Otra de las magias es la posibilidad de conectarse con gente, compartir esos momentos únicos y dar de regalo un recuerdo a gente que no conozco, y al publicarla, compartir ese momento con el público más amplio y extenso.
Al leer el mail me entero que ese niño que fotografié caminando sobre las manos hace 16 años, al llegar el momento de enlistarse al servicio militar obligatorio eligió hacerlo en la unidad de elite del cuerpo de ingenieros de combate Yahalom que se especializa en lucha en túneles subterráneos y operativos especiales de alto riesgo.
Conocí de repente su nombre, Hillel Ofen, el nombre de sus padres, lo conocí un poco más y lamentablemente me enteré que murió en un entrenamiento de la unidad hace tan solo 3 años.
Un niño lleno de vida y de energía que no alcanzó a vivir suficiente pero sí dejar un recuerdo único y eterno en muchísimas personas.

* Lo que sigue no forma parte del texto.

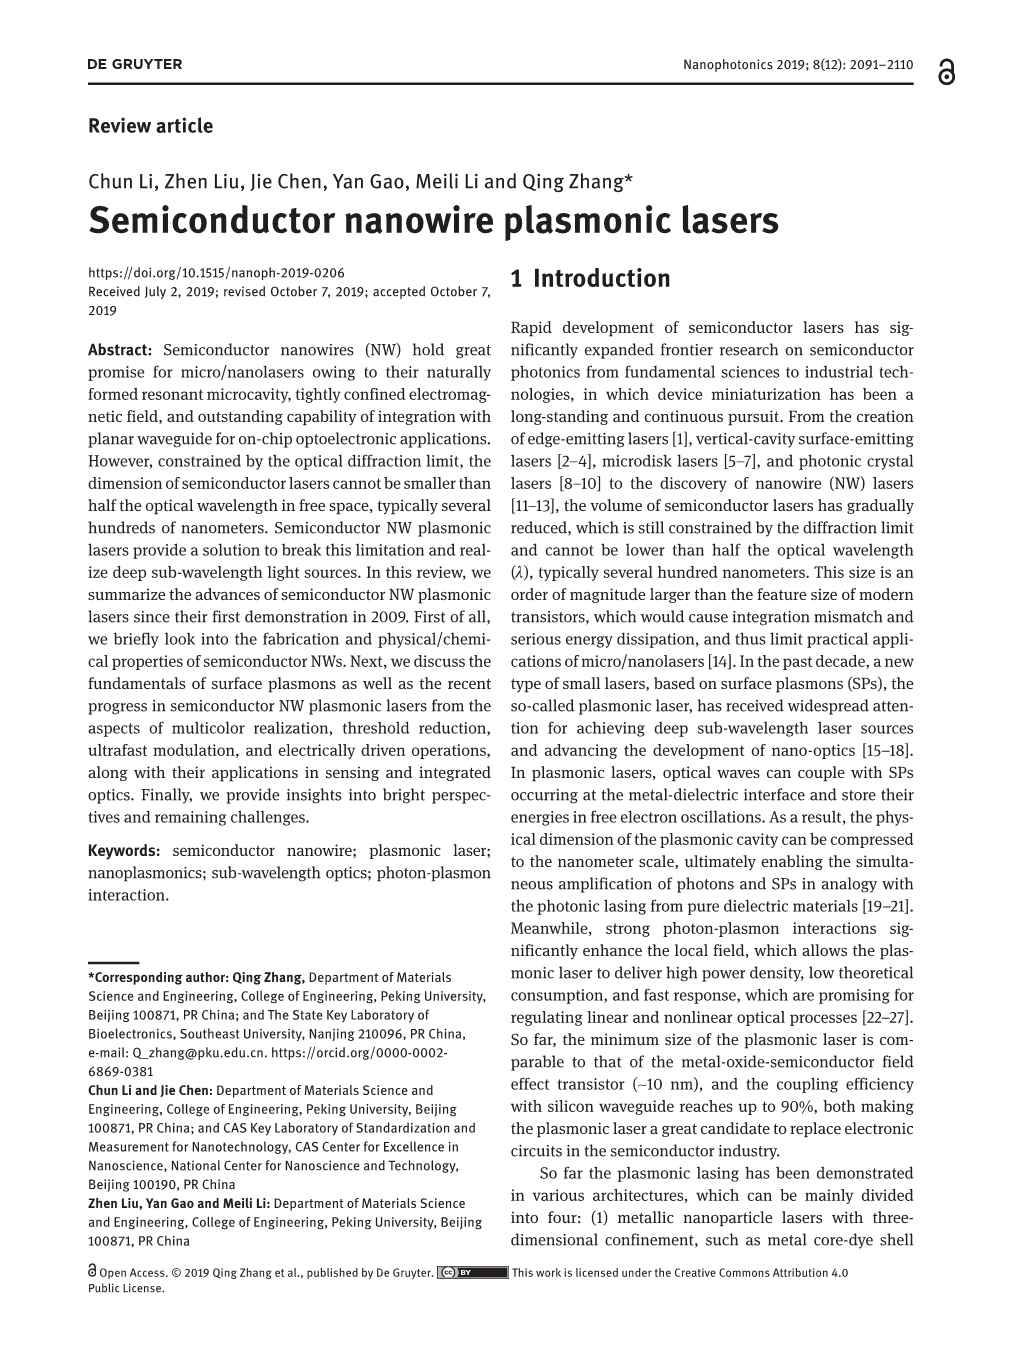 Semiconductor Nanowire Plasmonic Lasers
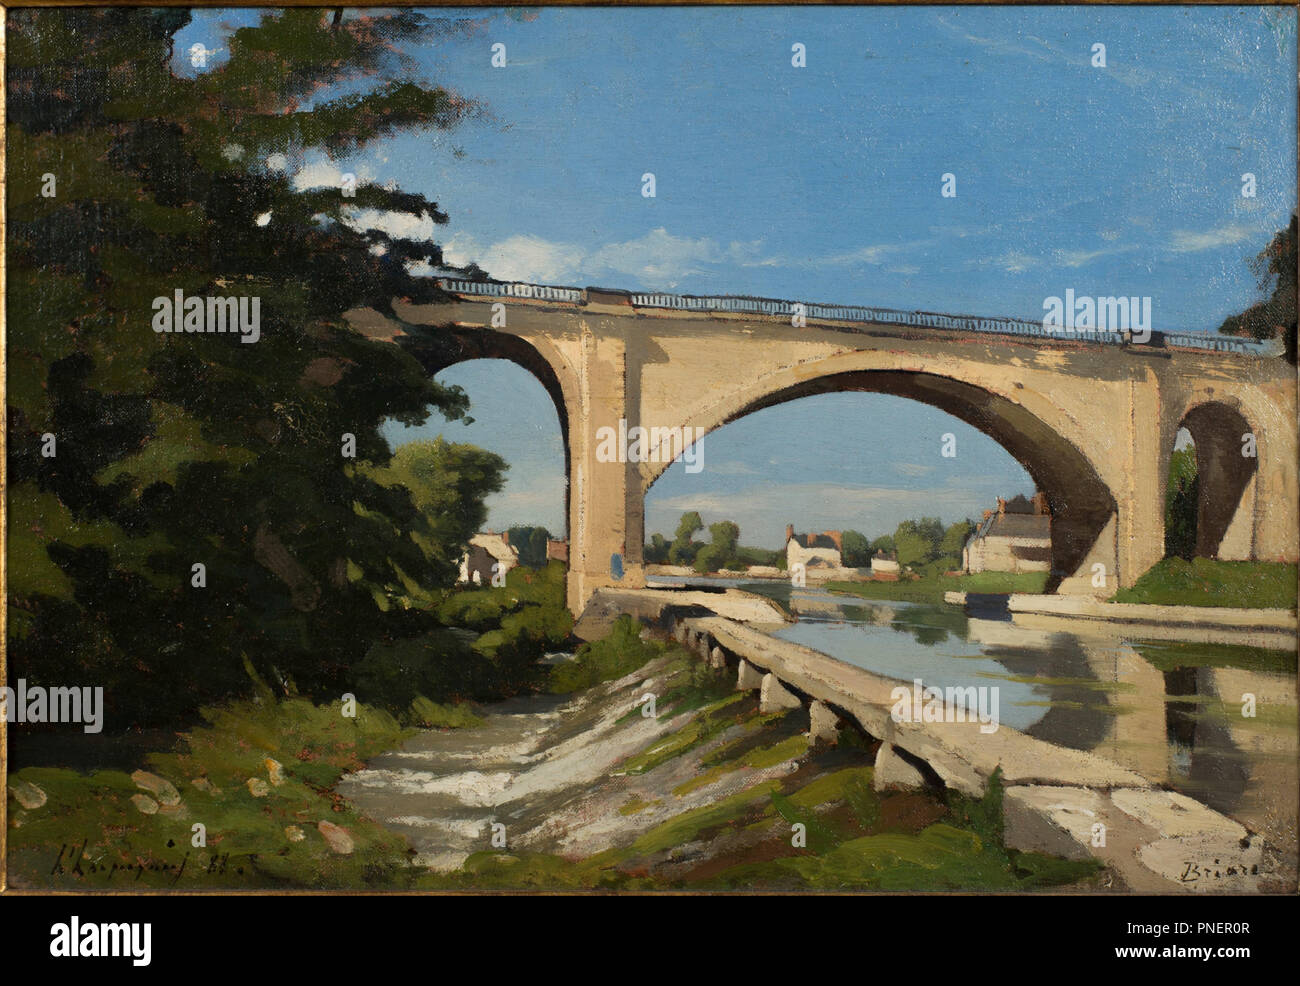 The Railroad Bridge at Briare. Date/Period: 1888. Painting. Oil on canvas. Author: HENRI HARPIGNIES. Stock Photo

Me sentí elogiado que sus padres eligieron una fotografía que yo saqué para perpetuar su memoria y ser parte de que de alguna manera Hillel siga vivo en el corazón de sus seres queridos y de personas que no lo conocieron pero sienten un respeto inmenso por quienes deciden elegir el camino difícil y tan valioso por la defensa del país.
Que descanse en paz y que su recuerdo quede vivo eternamente.
Quisiera compartir textualmente el mensaje que me enviaron sus padres.
El mensaje de los padres
Shalom Ariel
El enlace que enviamos es de una foto que tomaste hace 16 años durante la Marcha de las Banderas en el Día de Jerusalem, cerca de la Puerta de Damasco.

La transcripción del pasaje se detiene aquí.